Je tiens à rappeler à Monsieur Carpentier que d’autres villes du Québec ont accordé ce privilège aux anciens combattants et d’autres villes le feront prochainement. Il n’y a pas eu d’émeutes ou de manifestations dans les rues pour crier haut et fort à l’injustice et à l’inégalité. Tout au contraire, ces gestes par ces municipalités ont été extrêmement bien accueillis. De surcroît, les services municipaux de ces villes fonctionnent encore adéquatement depuis l’attribution de ce privilège et l’appliquent sans trop de difficulté.

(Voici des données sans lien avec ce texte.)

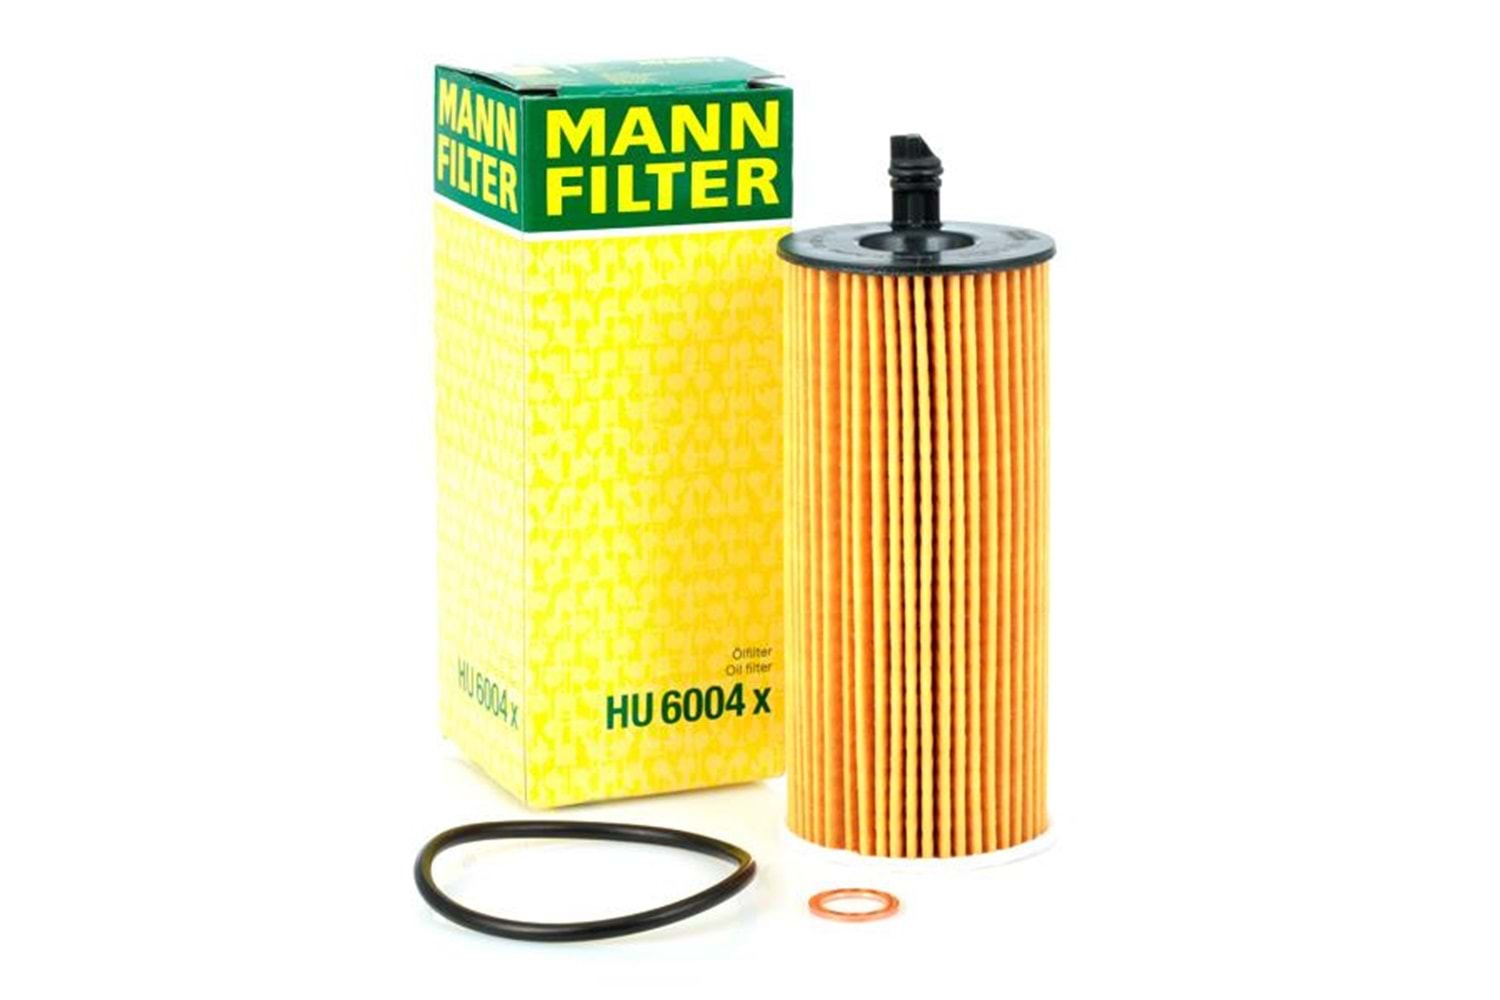 Mann Filter Yağ Filtresi HU6004X

À force de vouloir accommoder tout le monde, nous finissions par oublier qui nous sommes

À force de vouloir accommoder tout le monde, nous finissions par oublier qui nous sommes. C’est pathétique lorsque nous pensons que notre devise est: « Je me souviens »! Nous finissions par oublier que des hommes et des femmes, (les anciens combattants, les vétérans, les ex-militaires) qui ont donné leur vie ou leur santé pour conserver nos conditions de vie, pour qu’il n’y ait pas de guerre sur notre territoire et pour que le Canada soit et demeure l’un des meilleurs pays au monde. Les élus de Gatineau semblent avoir clairement oublié de nombreux pans forts importants de notre histoire et de l’actualité des vingt dernières années.

Pourtant, il nous semble qu’en 2018, les anciens combattants ne devraient plus avoir à démontrer ou à prouver leurs contributions au développement de notre nation et de nos communautés.

Dans tous les cas, à Gatineau, les anciens combattants devront le faire, car leurs contributions à notre société (pendant leur service et après lorsqu’ils redeviennent des civils) ne sont pas reconnues à leur juste valeur.

Pas besoin de vous dire que cette décision, qui est le fruit d’une analyse selon Monsieur Carpentier, nous donne un goût amer en bouche. Au fait, nous aimerions bien connaître les barèmes et la méthodologie utilisés pour conduire la dite analyse, car nos propres études et celles de certaines organisations de vétérans de l’Outaouais n’arrivent pas aux mêmes conclusions. De notre point de vue, les raisons évoquées par la Ville de Gatineau pour refuser cette requête font preuve d’un manque d’ouverture et de reconnaissance à l’égard des anciens combattants. Personnellement, je considère cela grandement déplorable !

Libéré volontairement en 2014 avec le rang de major, Dave Blackburn est docteur en sociologie de la santé et est professeur régulier à l’Université du Québec en Outaouais (UQO) où le champ de la santé mentale et les Forces armées canadiennes figure dans ses domaines de recherche.